After Lempetie watches each of you eat at least one oat-cake - barring Alistia, who she frowns at, but says nothing to - she settles back into her chair and draws a whispy breath.

"So, a story of beginnings, you want, yes?" Her beady brown eyes sweep over the group. "A story of history, then, to bide away the time." Her eyes unfocus then, seeming to stare through the walls of the council building. "I was young, then, even younger than the youngest of you lot. Times were hard. There were spirit-talkers still - I am one, after all - but the people roamed the hills in families instead of living in one place year-round. There were no farmers, only plant-takers who gathered what plants they could find as they travelled. Food was scarce and we had to hoard what we had for the winter, when no plants grew to be gathered and few animals wandered around to be hunted."

Her voice takes on a lilting, sing-song quality as she describes to you over the course of the next half hour the troubles and trials her family faced in the time before Cuirlen. She tells of feast and famine, sickness and fear; she paints livid pictures of the hills her family wandered over the seasons; she spins tales of devastating storms, deadly grass fires, and terrible droughts. All throughout, her gaze remains distant, unfocused, unseeing.

Eventually, her tale winds down to a pause, and she seems to once again remember where, and when, she is. "... but none of that is what you wanted to hear. You want the tale of the founding of Cuirlen. Not as exciting a tale, I fear. In truth, 'twas all the spirits' doing. One summer, each and every spirit talker received a vision of a hilltop overlooking the river and the forest. We all felt it was important to gather our families here. By the end of summer, more people than I had ever seen were gathered on Cuirlen Hill, in tents and rude huts. When the final family arrived, the spirits told us that we should stay here - build permanent homes for the first time ever. They showed some of us how to plant the seeds of the plants we gathered, and they and their families became the farmers. Others were shown how to hunt in the Noonshadow forest, where few had dared to travel before. On and on the spirits revealed secrets until things were much as they are today - farmers and herders, hunters and gatherers, smiths and weavers, bakers and tanners."

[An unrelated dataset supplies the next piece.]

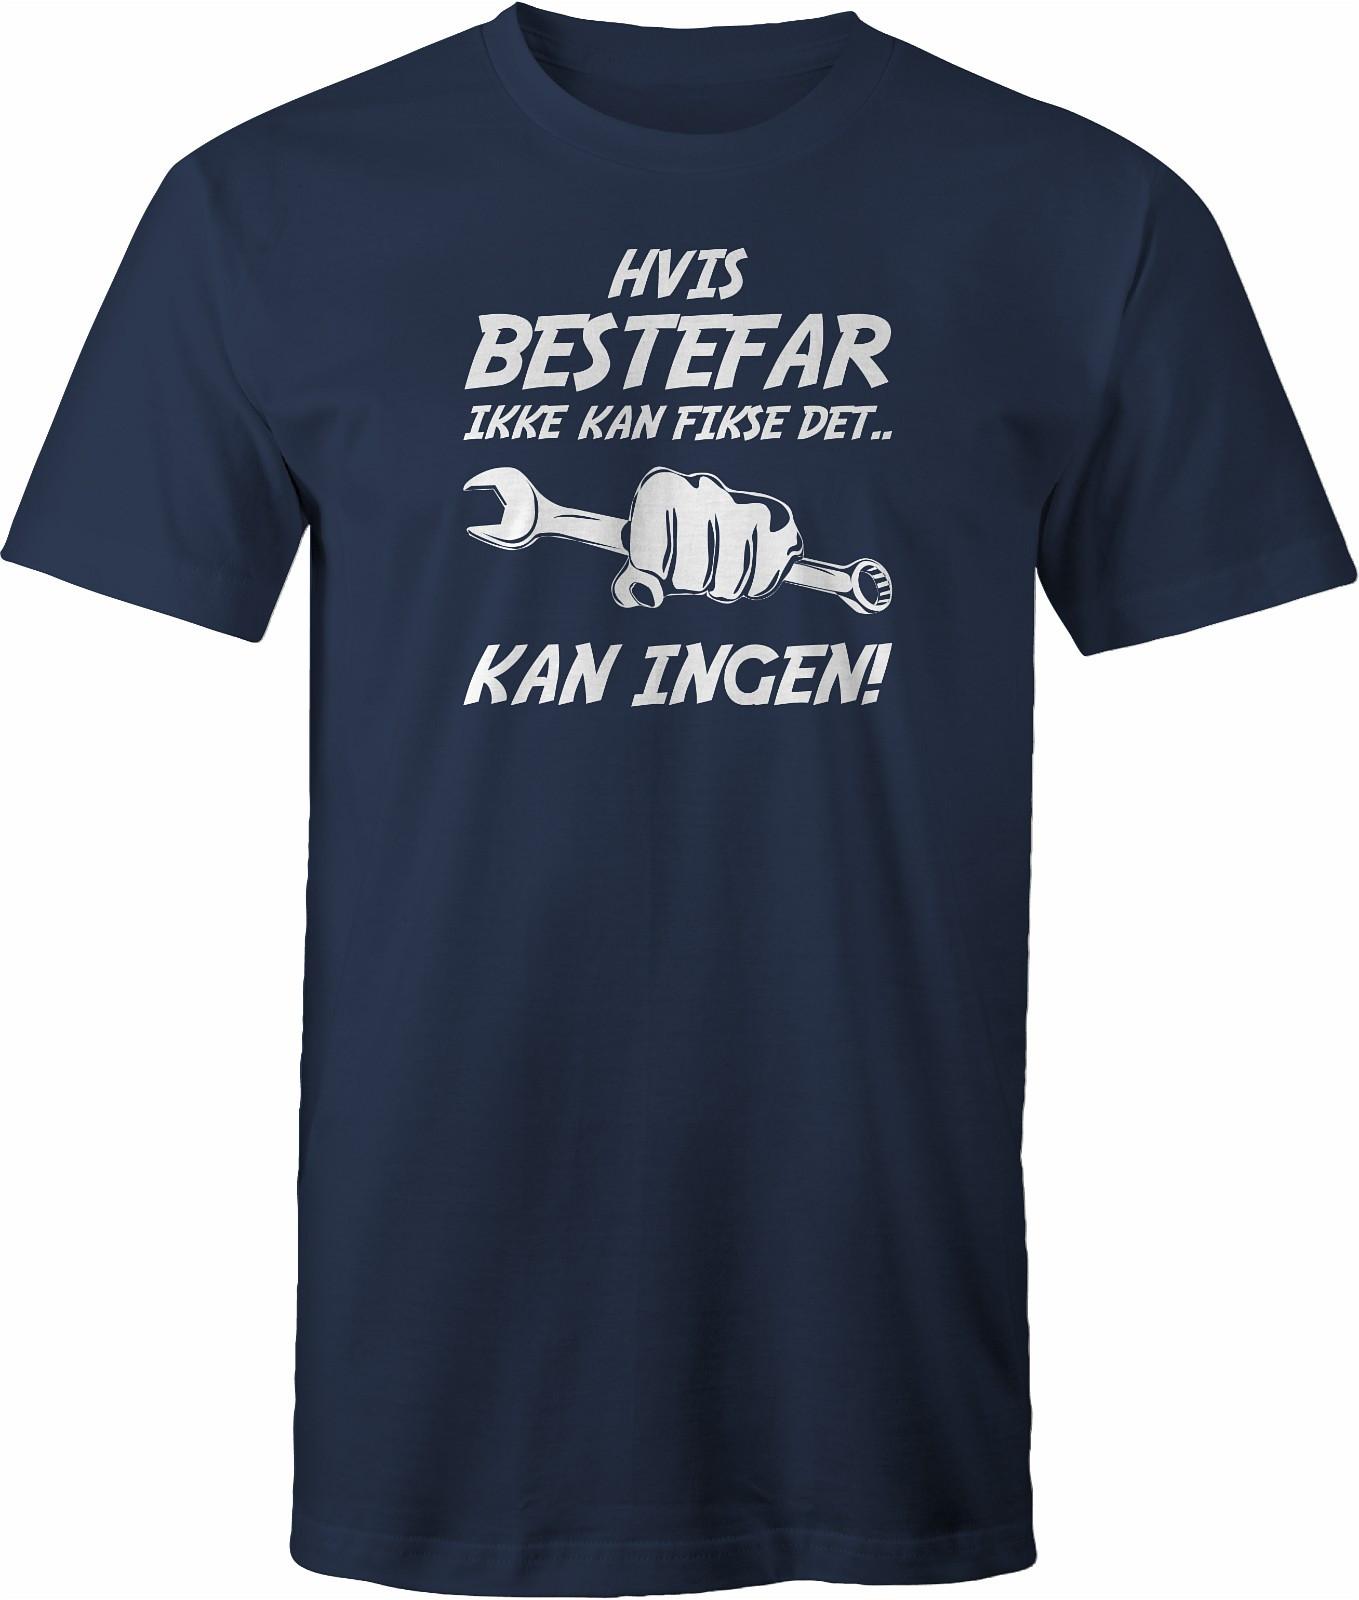 4725706d T-skjorte med unike og artige trykk | FINN.no

As her story finishes, she sinks back into her chair and her eyes half-close. She looks tired; she probably hasn't told a story this long in years.
 

Enko hangs on her every word, and is left speechless by the tail. It is hard to imagine a time when their was no Cuirlen, but here is living proof. Still, the story reminds him once again why they must succeed. They can't go back to the way things were now.
 

"Why here Lempetie? Does it have anything to do with that big stone building? It was here before cuirlen was established wasn't it? I'm sorry, for badgering you i mean. I was just thinking that, well, it is made of stone. Like the mountain. Perhaps whoever made it was linked to the mountain spirit. Perhaps before leaving Cuirlen proper, we should take a look inside. Surely if it was build to honor the mountain spirit, it will be displayed properly inside. Enough at least for a spirit-talker to recognize." At this point Ryon looks to Enko pointedly.